Luke’s Call for Compassion

 

QUOFLECTIONS™
ON SPIRITUALITY AND ETHICS

 

“Forgive, and you will be forgiven.”
Jesus (Luke 6:37)

 

Your times are so different than mine. Still, I see you share many of the same struggles as those in the first century who reflected upon my gospel.

I notice Christians today tend to lump the four gospels together. This never happened in my day. Matthew, Mark, John and I wrote to people facing different situations.

Let me give you an example. Mark wrote to our churches in Rome when Christians experienced much persecution. Rome was torched and the people suspected the Emperor himself had set the fires. So Nero created a scapegoat: He blamed us Christians. Some of us were set on fire in the arena while others were mauled and killed by wild beasts. It took great courage for many to confess that Christ, not Caesar, is Lord.

Mark writes his gospel with these traumatic events in mind. He also knows our brothers and sisters were driven into the catacombs, so he writes that Jesus is driven into the desert after his baptism. Mark mentions as well that Jesus is among wild animals while in the desert—even as our fellow Christians in Rome face similar terrors in the arena. He recognizes that some being persecuted are falsely accused by their friends, so he emphasizes that Jesus is betrayed by a disciple in his inner circle.

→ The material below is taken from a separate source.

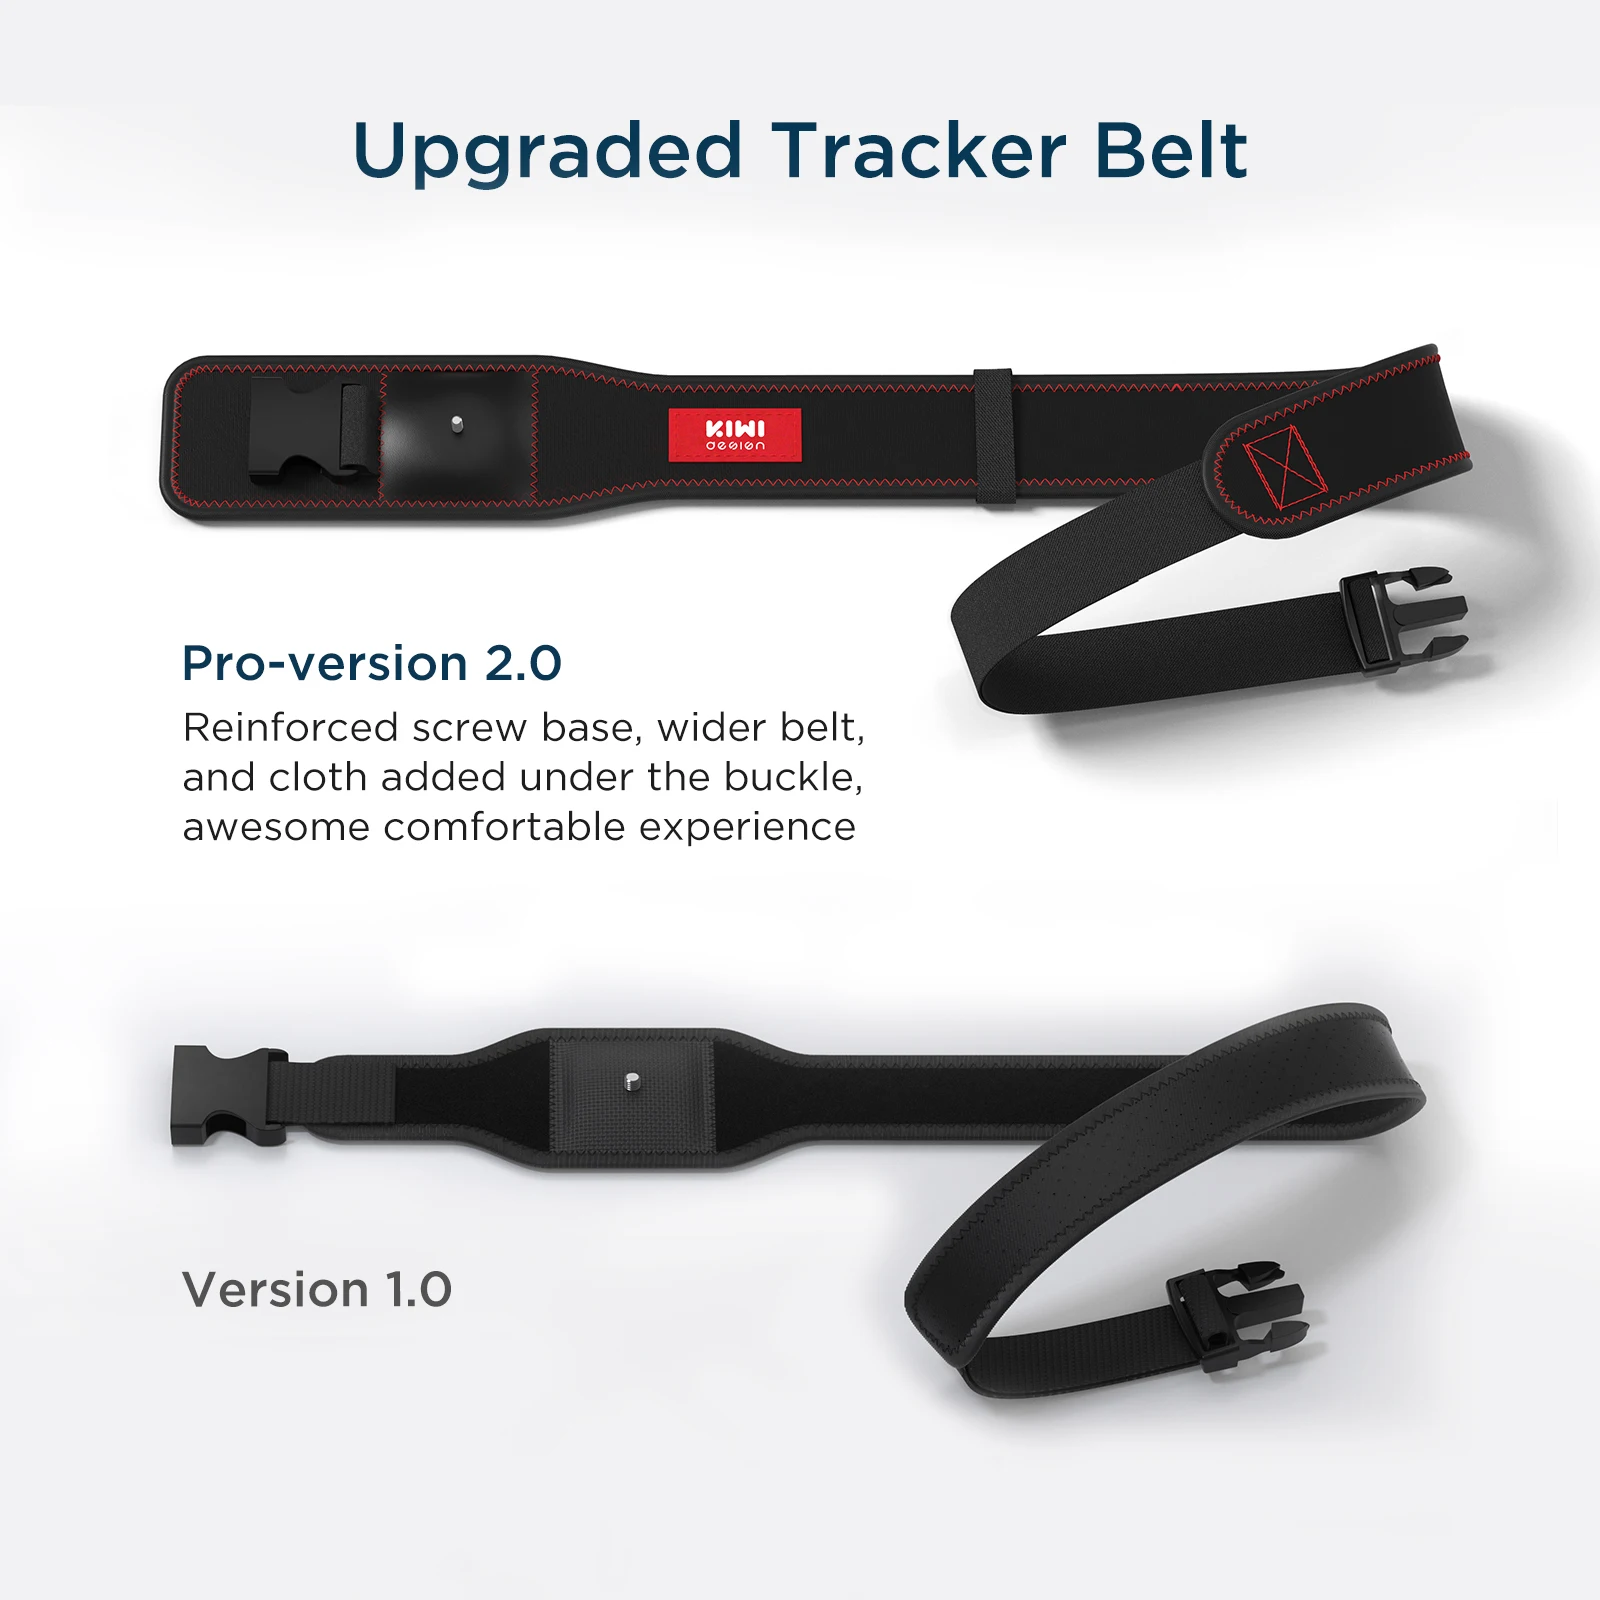 KIWI design Upgraded 5 in 1 Tracker Straps Accessories For HTC Vive System Tracker Adjustable Full Body Tracking Belt and Straps enlarge

Mark is my best source on Jesus’ teachings. So I include many of Mark’s stories in my gospel. Yet my gospel is different in many ways. You must understand: I write a decade later to people often hated by their Roman neighbors. Many consider us traitors and treat us as illegal aliens.

How would Jesus address such hatred?

I respond to this question with some stories of Jesus not found in any other gospel. In one parable, a father welcomes home his prodigal son. Remember how the father runs to his son and hugs him even before the son confesses his sins? This is how God’s grace embraces us whenever we turn toward the Father.

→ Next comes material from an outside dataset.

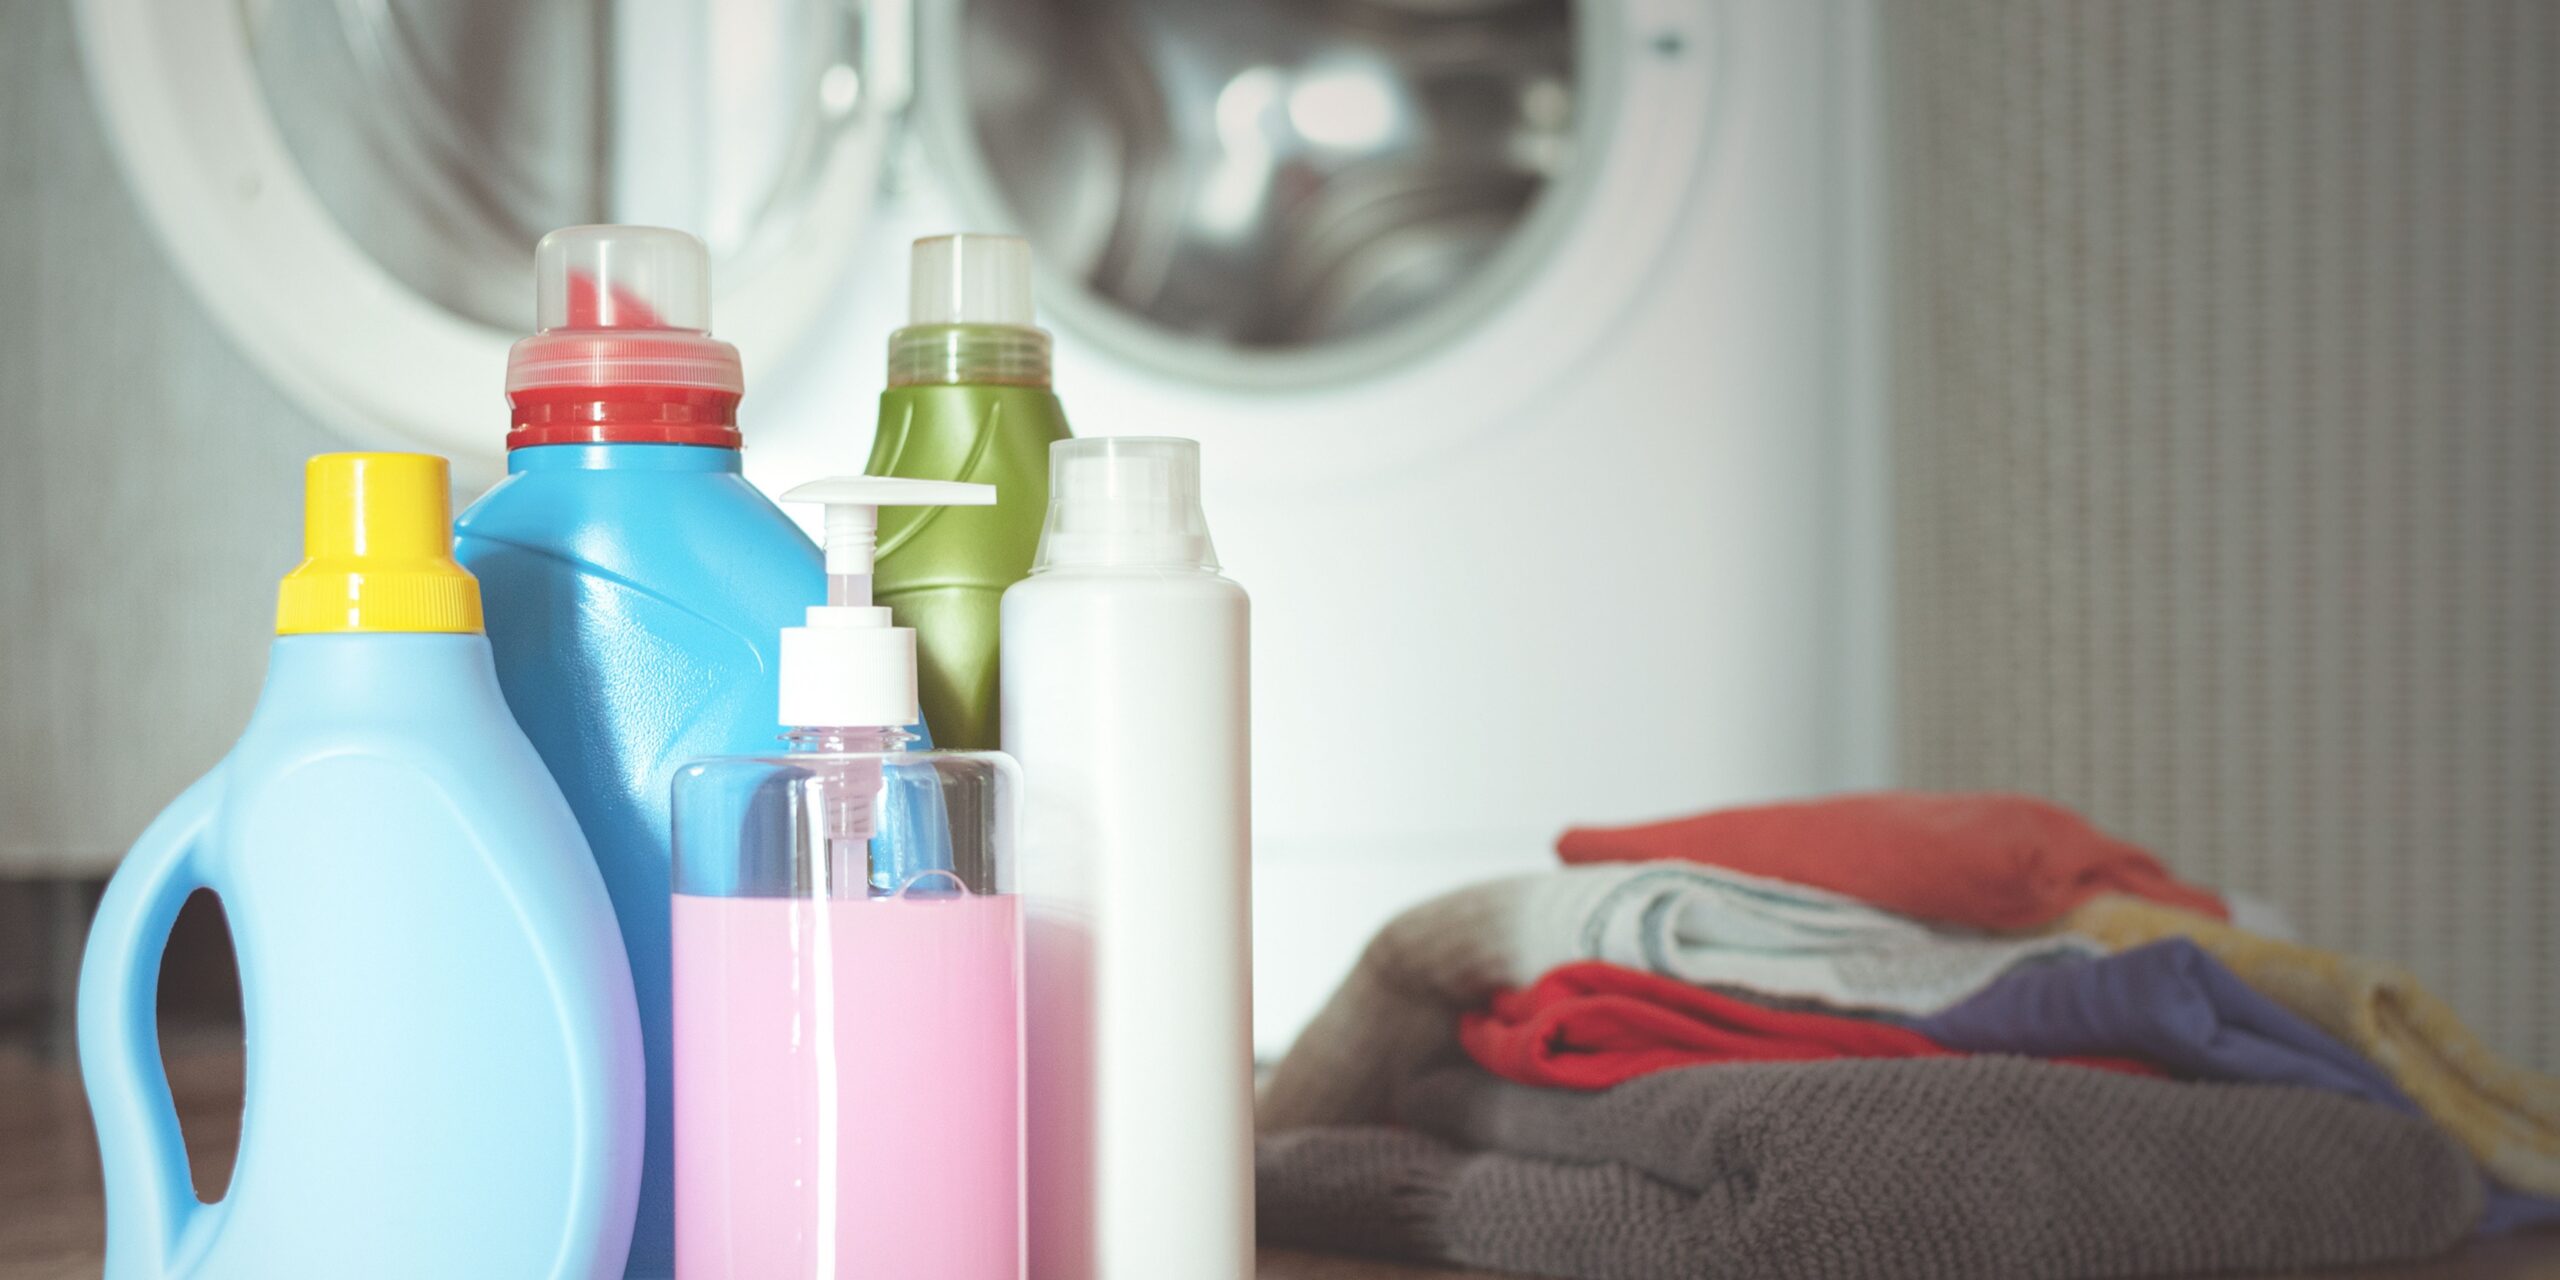 How To Find The Best Laundry Detergent These Days

Another story is the Good Samaritan. A man is attacked by robbers and left on the side of the road. Imagine being beaten and left to die! The religious leaders walk by while the despised Samaritan offers generous assistance. Even as this outcast is compassionate toward a helpless man, God has compassion for the outcasts of this world.

I tell a third story about a sinful woman who seeks forgiveness. Remember how Simon the Pharisee so easily brushes her aside? Jesus doesn’t. He accepts her and forgives her.

And then there is Zacchaeus, a hated tax collector. Does anyone today like the IRS? Well, in my day it was worse. Zacchaeus extorts all he can from his fellow Israelites. He is a traitor, a man rejected by everybody in Israel. Yet Jesus accepts and forgives even Zacchaeus.

No doubt you notice the common link in these stories. Jesus holds out his arms of acceptance to everyone: To a son who squanders his father’s fortune; a Samaritan outcast Jesus portrays as a hero; a prostitute who betrays her own body; a tax collector who steals from his own people. Meanwhile, respectable folks like you and me, we so easily reject the people Jesus accepts.

Brothers and sisters, this is our temptation: To reject our neighbors–to regard others as inferior. It is so easy to turn our backs on people who sin grievously, especially those who sin against us.

I never met Jesus. I lived in the wrong place and time for that. But the Spirit of Jesus lives in me. If there is anything I know about him it is this: Jesus loves sinners. This is the offense of the gospel! Jesus loves us no matter who we are. And Jesus wants us to follow his footsteps in accepting and loving other people—-no matter who they are, no matter what they do to us.